• **Aim of the exercise**: Given the entries below, would you transcribe exactly the lines starting at the one with "真實的貧窮面貌──綜觀香港社會60年" and ending at the one with "RG Goalkeeper Gloves", both kept, pictures omitted, nothing extra?
··· Material provided
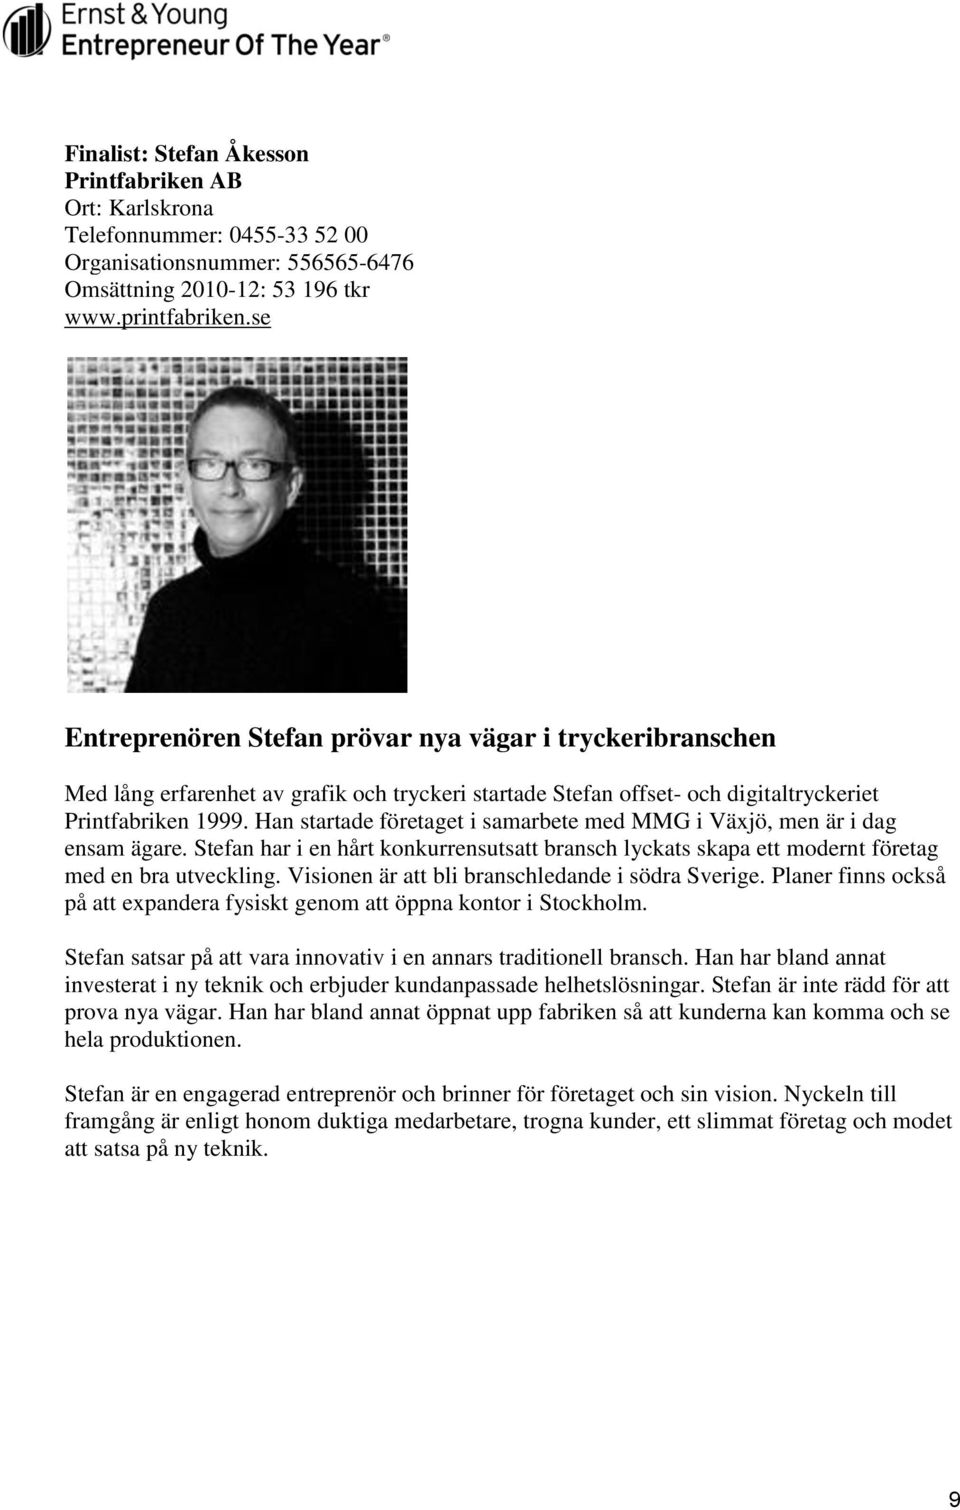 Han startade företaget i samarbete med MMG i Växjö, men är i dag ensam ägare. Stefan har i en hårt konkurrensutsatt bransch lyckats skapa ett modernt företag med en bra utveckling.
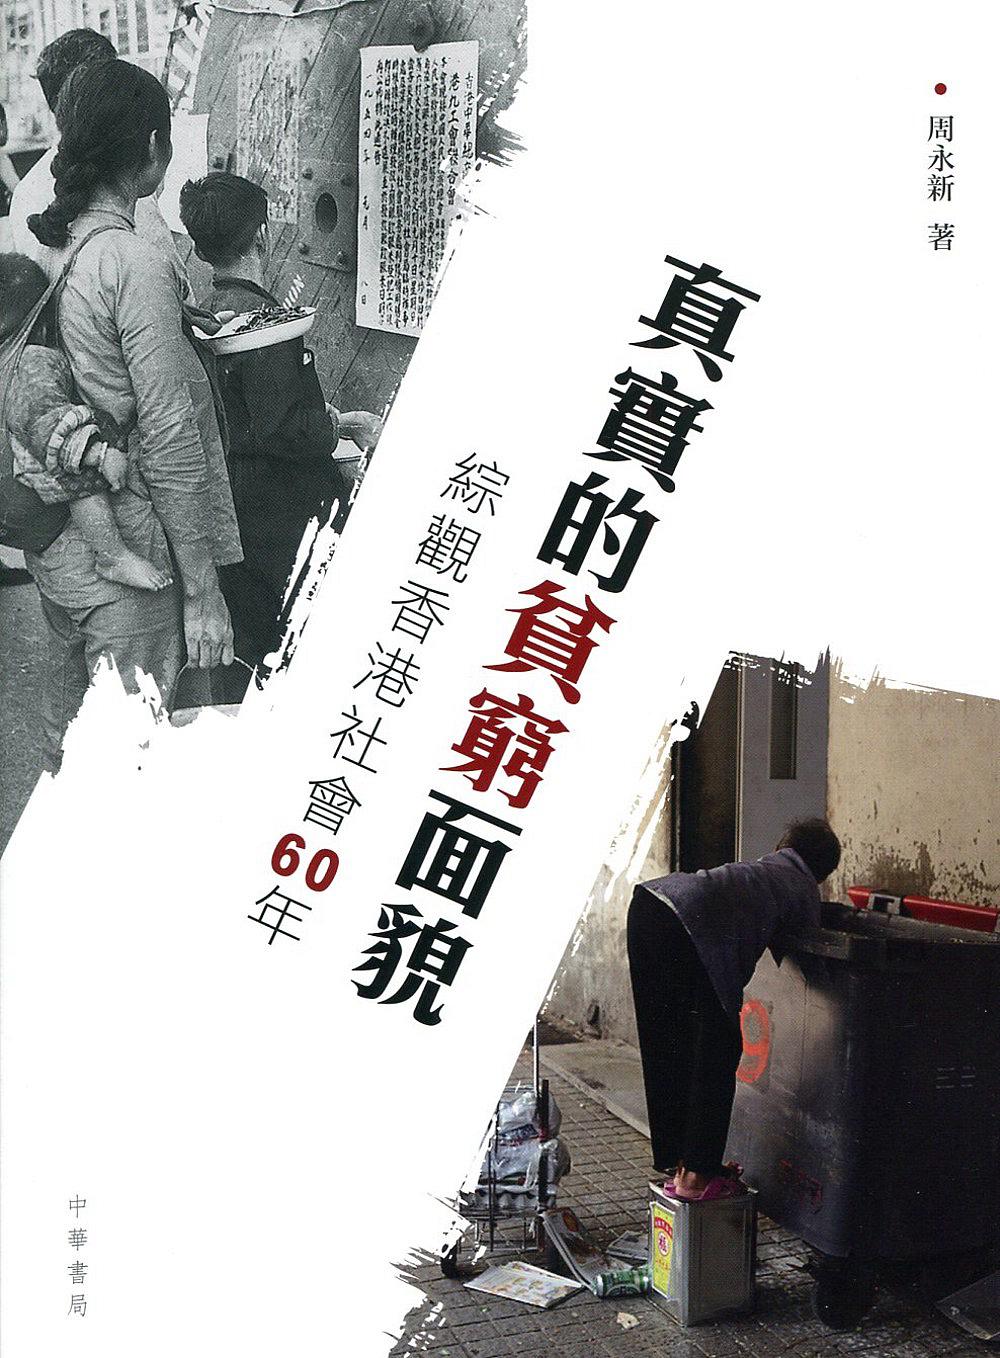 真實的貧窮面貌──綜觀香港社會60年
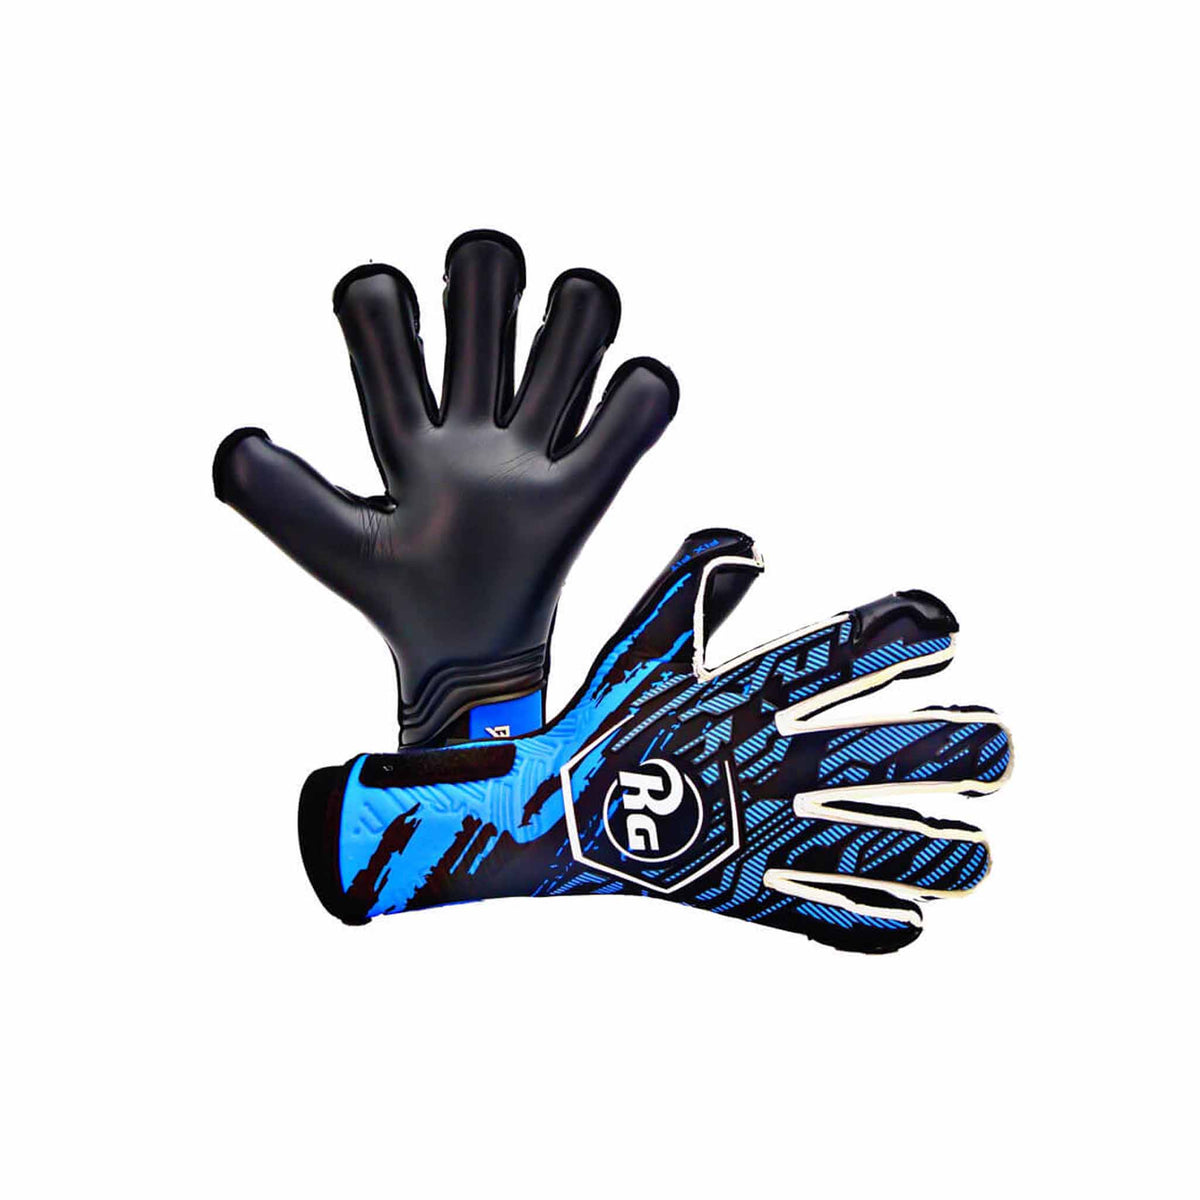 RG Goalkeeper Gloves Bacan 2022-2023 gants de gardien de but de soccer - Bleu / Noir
······
··· Material provided
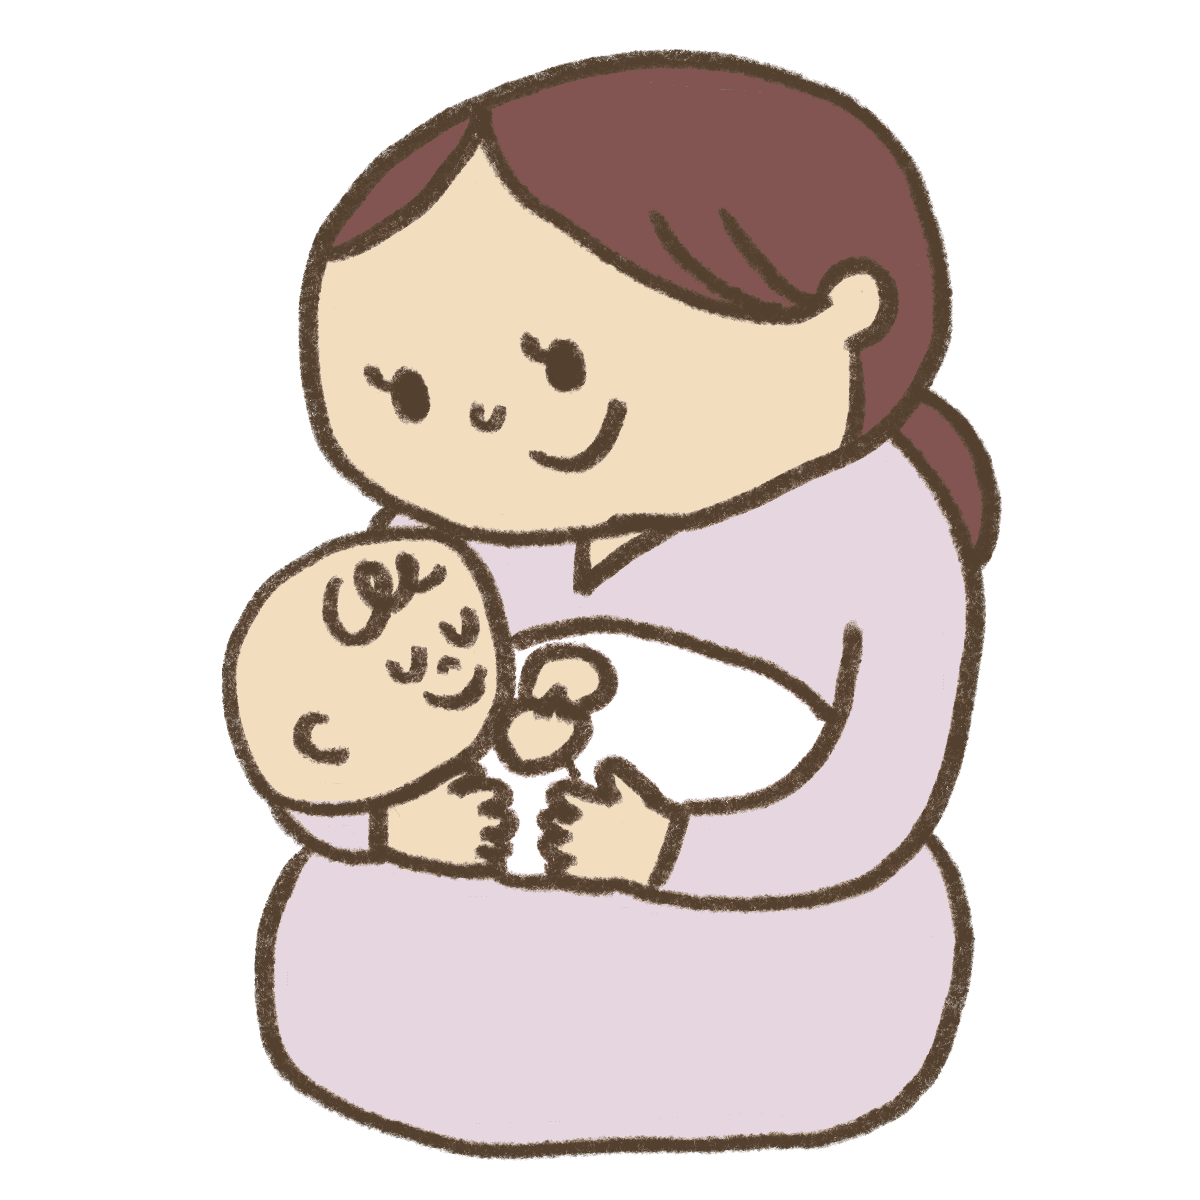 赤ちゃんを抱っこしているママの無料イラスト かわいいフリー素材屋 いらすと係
······
··· Material provided
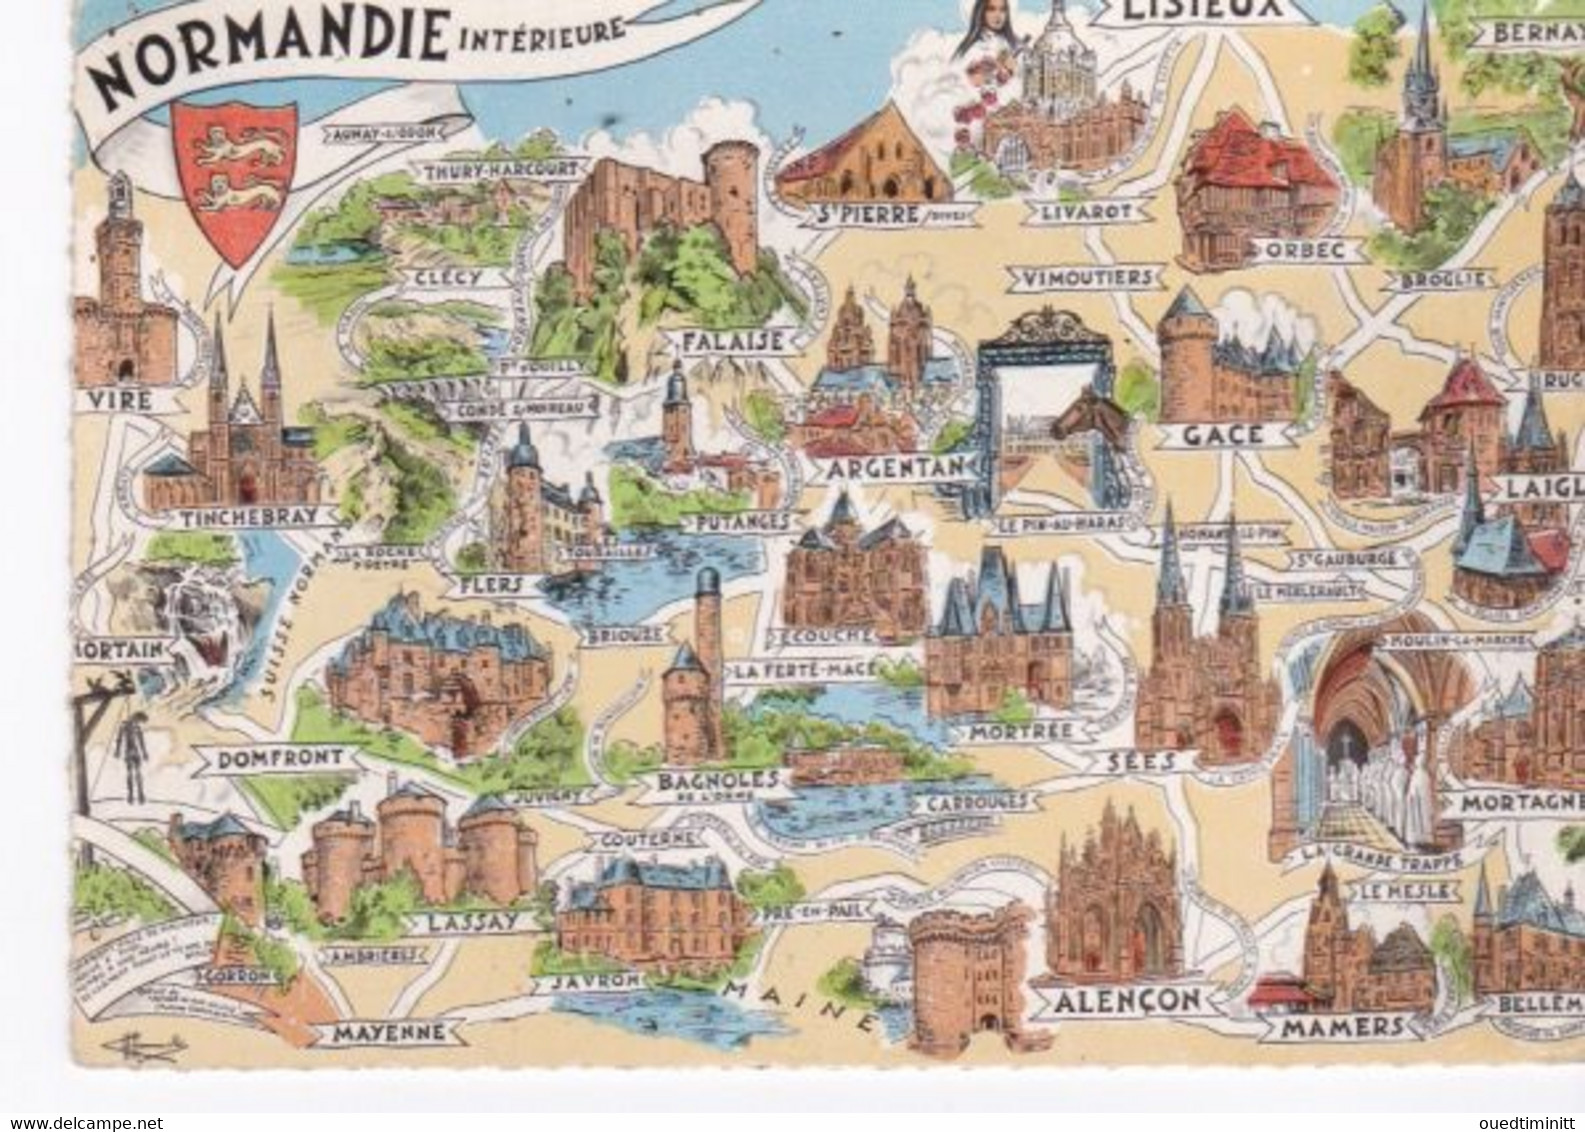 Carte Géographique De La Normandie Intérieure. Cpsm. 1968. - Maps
······
• **Solution to the problem**:
 真實的貧窮面貌──綜觀香港社會60年
 RG Goalkeeper Gloves Bacan 2022-2023 gants de gardien de but de soccer - Bleu / Noir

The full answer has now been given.